Introduction

Robot-assisted prostatectomy (RARP) provides a magnified and detailed view of anatomical structures around the prostate, facilitating finer surgical techniques. Consequently, nerve-sparing robot-assisted radical prostatectomy techniques were developed to prevent urinary incontinence and impaired erectile function. Many urologists have contributed to the development of techniques to preserve urinary continence and erectile function while achieving cancer control. However, the best surgical methods to achieve pentafecta after prostatectomy, including preservation of potency and continence, biochemical recurrence (BCR)-free survival, no postoperative complications, and negative surgical margins, have not been established1. Some of the previously reported methods require too many steps or a very detailed understanding of the anatomy.

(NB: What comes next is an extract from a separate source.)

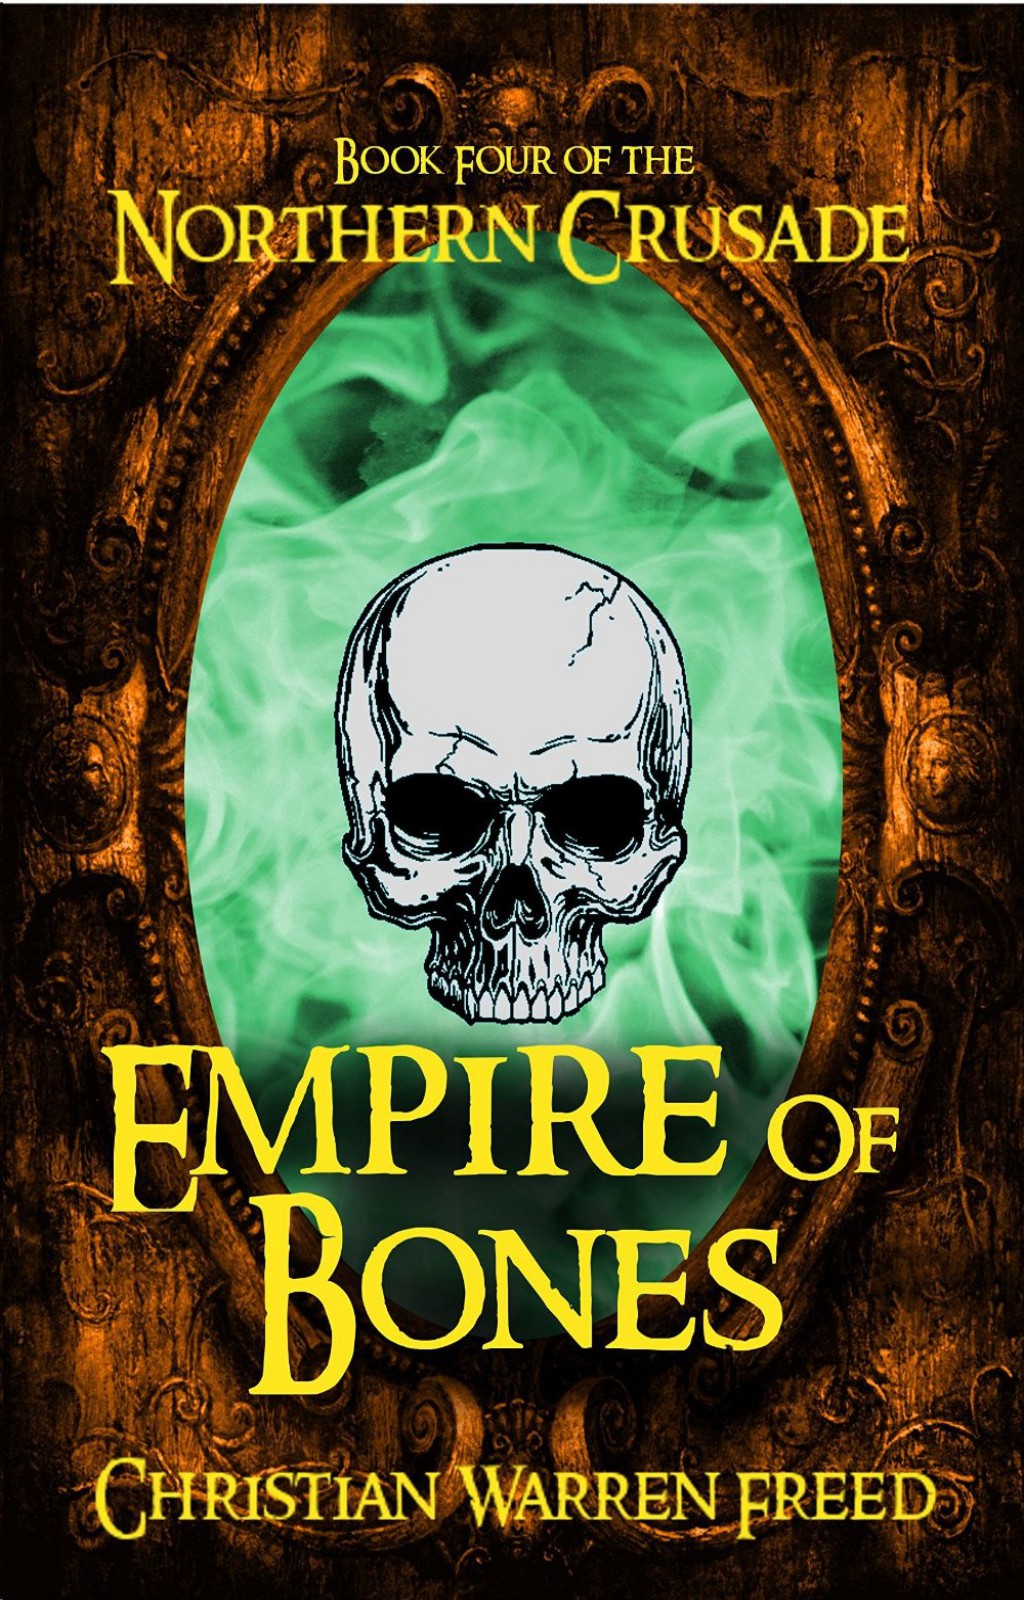 Empire of Bones

Since 2015, we have developed a relatively simple and feasible approach that preserves structures of the pelvic floor muscles for nerve-sparing (NS) surgeries. We hypothesized that the use of an endopelvic fascia (EPF)-sparing technique would preserve as much of the surrounding tissue at the apex of the prostate as possible. In particular, structures that support the urethral and external urethral sphincter, such as the detrusor apron, pelvic fascia tendon arch, pubic-prostatic ligament, and prostatic venous plexus, should be preserved. The EPF on the NS side is not resected or split, and the prostate is dissected along the intrafascial plane, which is connected to the urethral side of the prostatic apex, to preserve the structures around the apex. The EPF on the non-NS side is resected. Herein, we present the detailed method for this EPF-preserving RARP. In addition, the functional outcomes and oncological outcomes of this method were assessed.

Methods

Study design and participants

We reviewed the medical records of all PCa patients who underwent RARP with EPF preservation by a single surgeon (K.M.) in Yokohama Rosai Hospital from January 2015 to March 2022. The criteria to perform NS surgery was based on a formula consisting of prostate-specific antigen (PSA) density, Gleason grade, percentage of positive cores, and the longest cancer length in the biopsy specimen. We have constructed a formula to calculate the possibilities of extra-prostatic extension (EPE) by univariate and multivariate analysis from data from 197 cases of prostatectomy in our hospital. \({\text{X}}= -7.461+0.01\times \left(\mathrm{PSA\, density }\left[{\text{ng}}/mL/{cm}^{3}\right]\right) + 0.499\times \left(\mathrm{Gleason\, Sum}\right)+0.015\times \left(\mathrm{percent\, positive \,core }\left[\%\right]\right)+0.315\times \left(\mathrm{longest\, cancer\, length }\left[mm\right]\right)\). \({\text{P}}\left(x\right)={{\text{e}}}^{X}/\left(1+{{\text{e}}}^{X}\right).\mathrm{ P}\left(x\right)\) is the percentage of the positive EPE. We calculate the P(x) for each side, and we set the cut-off as below 5% for indication of NS. Also, diagnosis using magnetic resonance imaging (MRI) and the patient’s opinion were considered when determining whether to perform NS surgery. This study was approved by the research ethics committee of Yokohama Rosai Hospital (Approval number 2023–11). The protocol for this research project conformed to the provisions of the Declaration of Helsinki. Informed consent was obtained from all participants or their legal guardians, with details about this study were disclosed on our institutional website and potential participants had the opportunity to decline enrollment in the study (opt-out).

Data collection

The following variables were retrospectively extracted from medical records: age, body mass index (BMI), international prostate symptom score (IPSS), prostate volume, preoperative PSA level, clinical T stage, International Society for Urological Pathology (ISUP) biopsy grade, total number of biopsy cores, and number of positive biopsy cores. Surgical outcomes data were collected, including operative time, console time, and blood loss. Postoperative endpoints included pathological T stage, pathological N stage, surgical margins, complications, erectile function, and urinary continence. Lymph node (LN) dissection was performed mainly for patients with intermediate-risk until August 2017, but was omitted afterward since most of the patients eligible for NS-RARP are negative for LN metastasis. After discharge, patients were monitored every 3 months at an outpatient unit with medical interviews, physical examinations, and blood tests, including PSA. Urinary continence was defined as the use of 0 pads/day and potency was defined as possible intercourse or possible masturbation, based on interviews with the patient during the outpatient visit. For penile rehabilitation, 20 mg of sildenafil every two days was prescribed from postoperative day 3 for at least one month.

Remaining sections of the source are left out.